# WORK INSTRUCTION:
If pictures appear in the lines below, skip them and copy exactly the lines from the one containing "Handmade in 18K" through the one containing "Erza Scarlet With Sword coloring page", and nothing else.

# EXERCISE INPUT:

__________

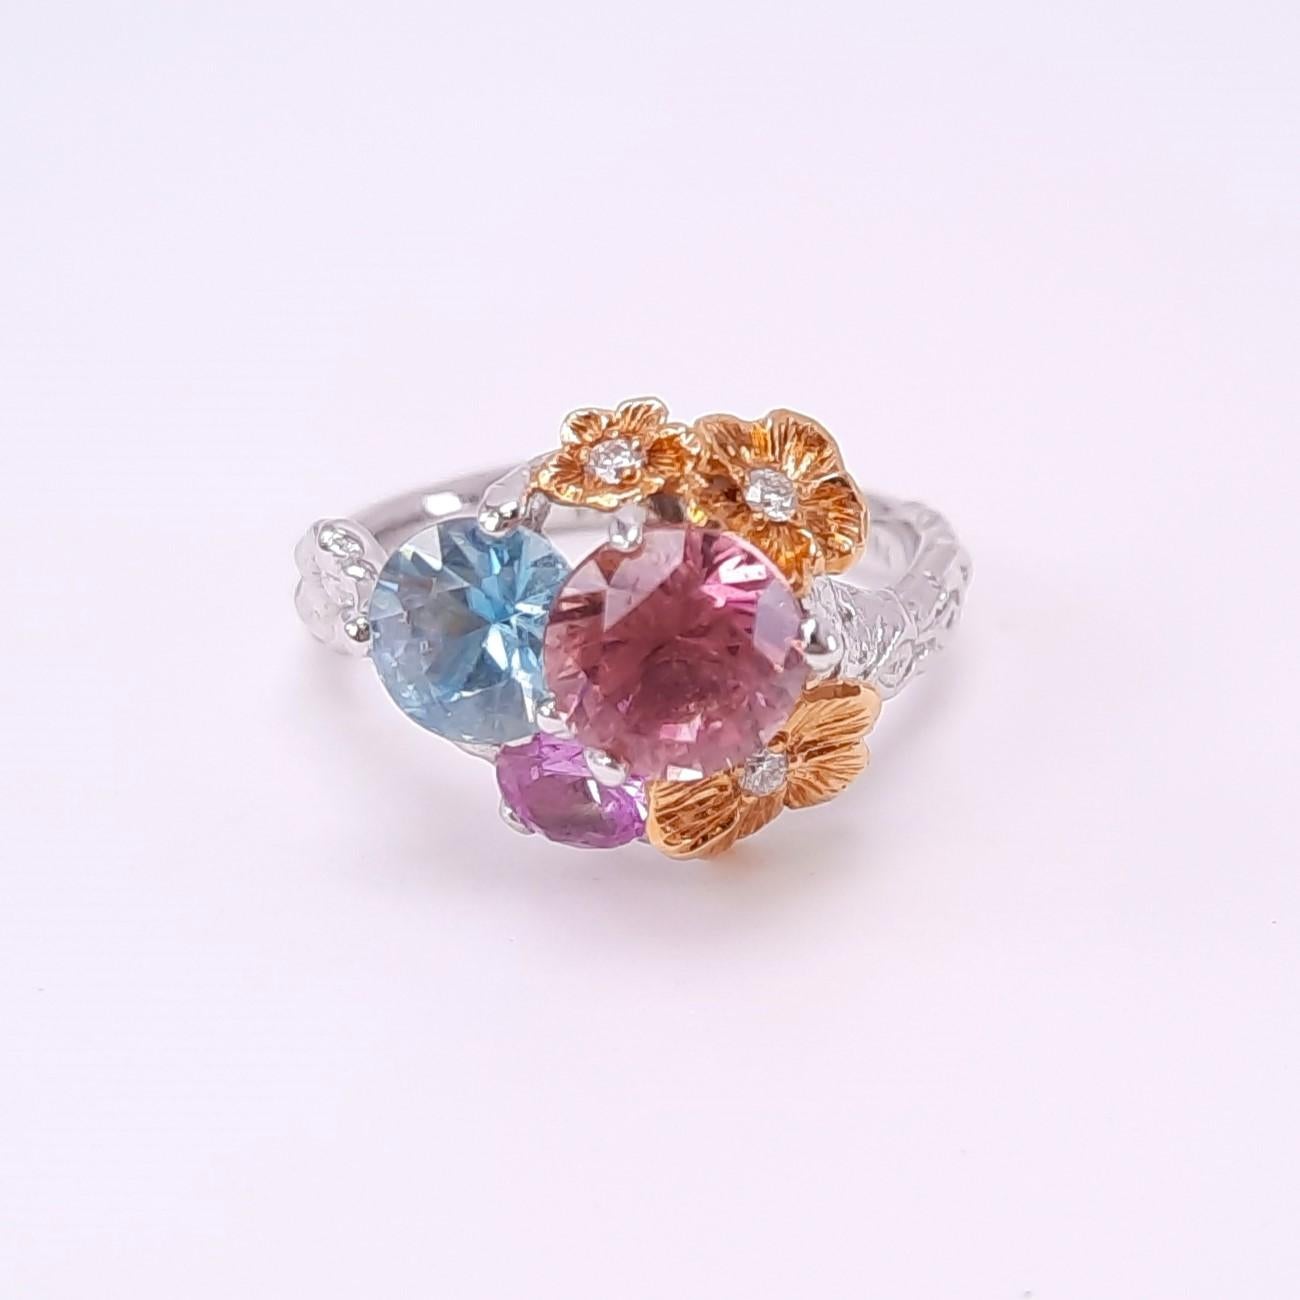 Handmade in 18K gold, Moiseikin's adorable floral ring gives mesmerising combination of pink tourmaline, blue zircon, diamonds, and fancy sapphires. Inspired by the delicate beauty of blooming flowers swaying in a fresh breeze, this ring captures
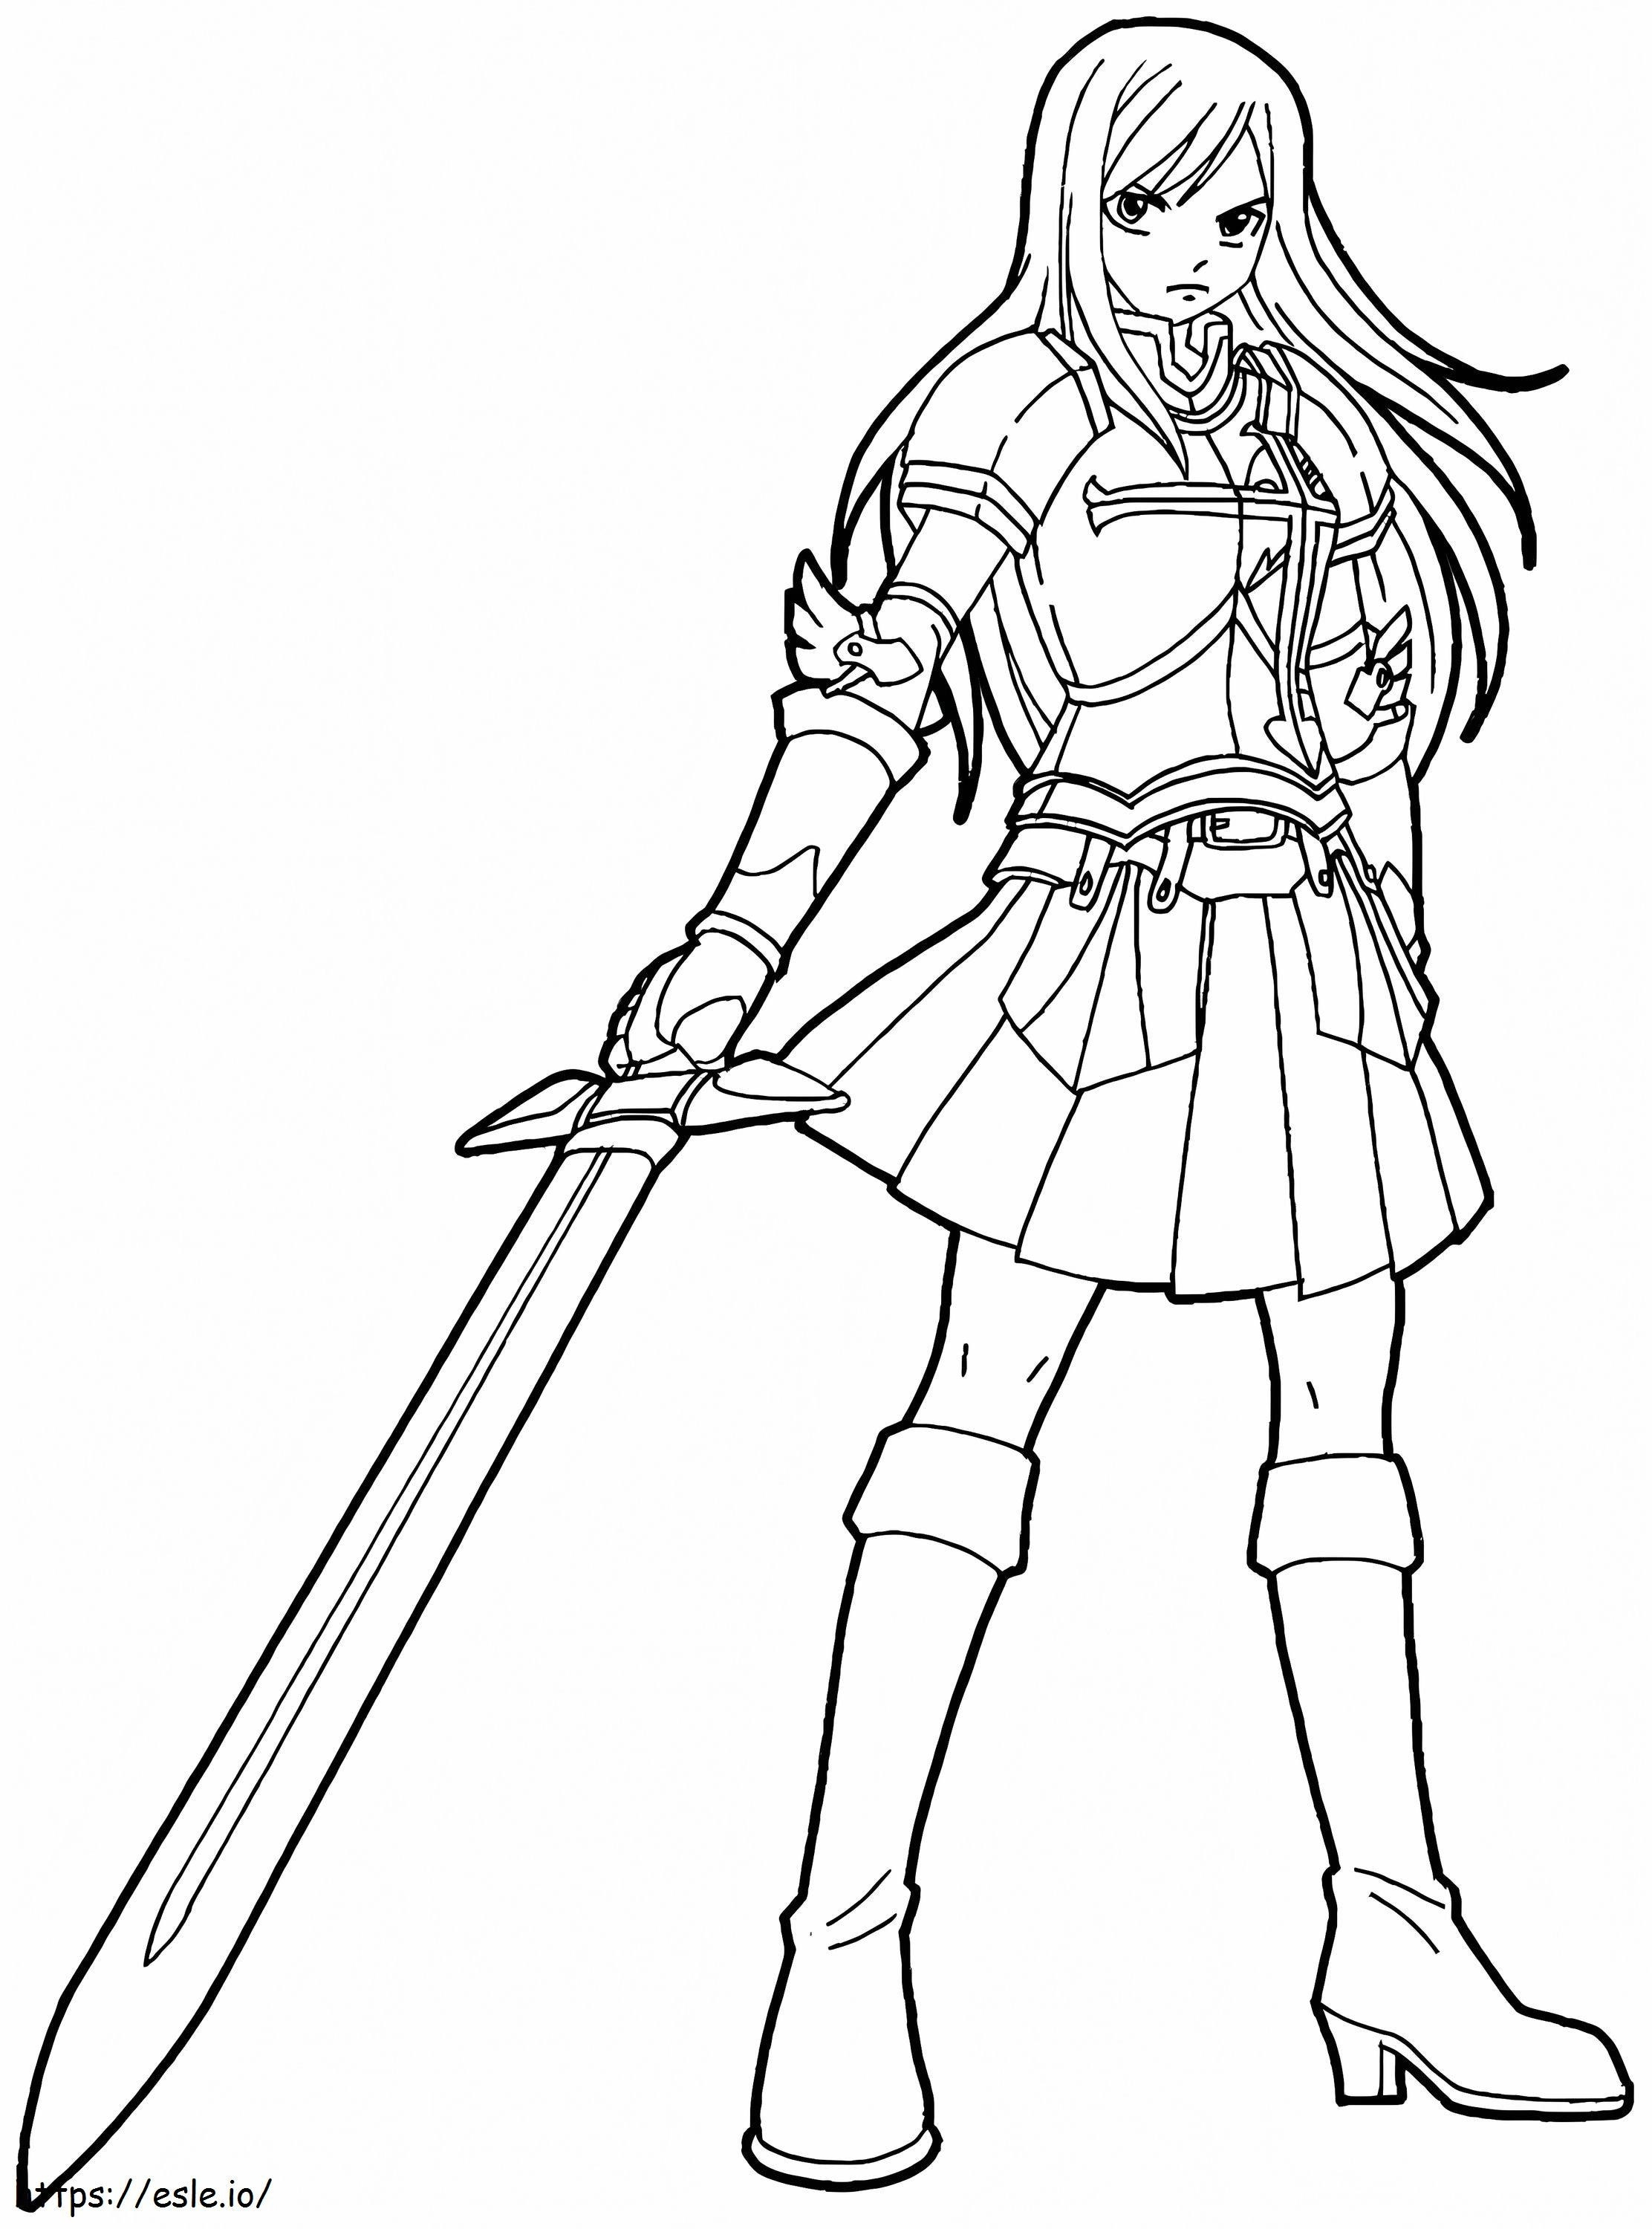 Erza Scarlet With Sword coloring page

__________

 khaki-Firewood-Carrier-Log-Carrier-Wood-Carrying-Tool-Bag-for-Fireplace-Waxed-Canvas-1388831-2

__________

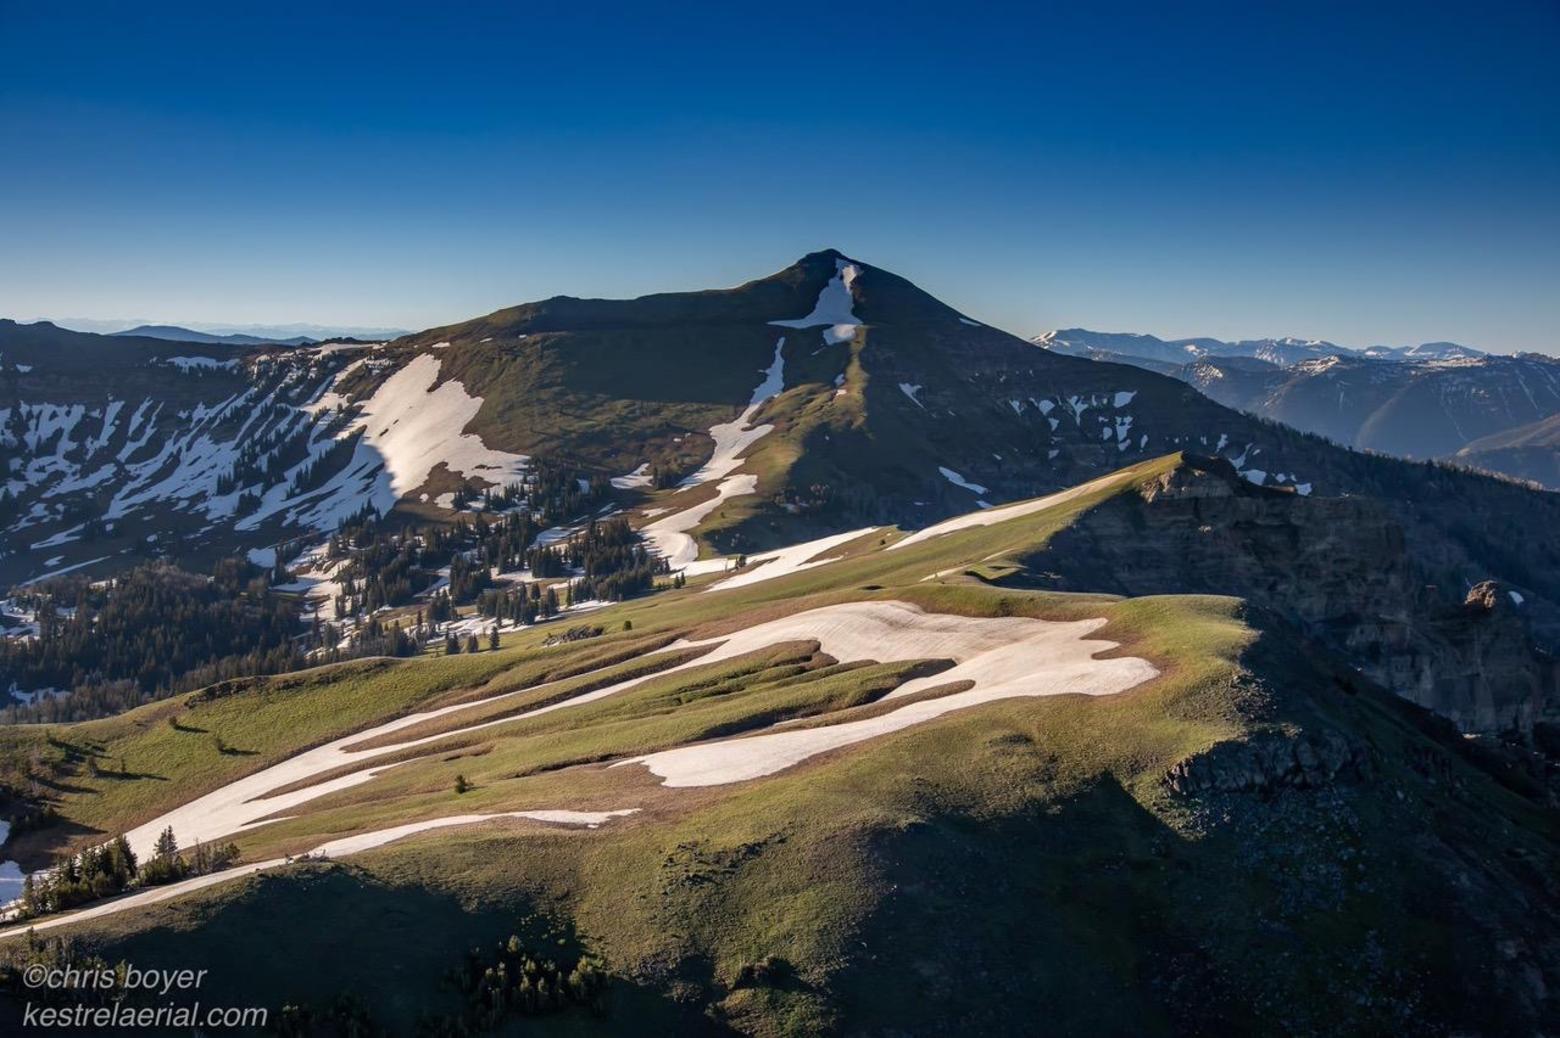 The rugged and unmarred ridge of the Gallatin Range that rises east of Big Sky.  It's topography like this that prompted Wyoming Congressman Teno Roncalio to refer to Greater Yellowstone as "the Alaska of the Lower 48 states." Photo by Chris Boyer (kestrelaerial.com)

__________

# TASK SOLUTION:
 Handmade in 18K gold, Moiseikin's adorable floral ring gives mesmerising combination of pink tourmaline, blue zircon, diamonds, and fancy sapphires. Inspired by the delicate beauty of blooming flowers swaying in a fresh breeze, this ring captures
 Erza Scarlet With Sword coloring page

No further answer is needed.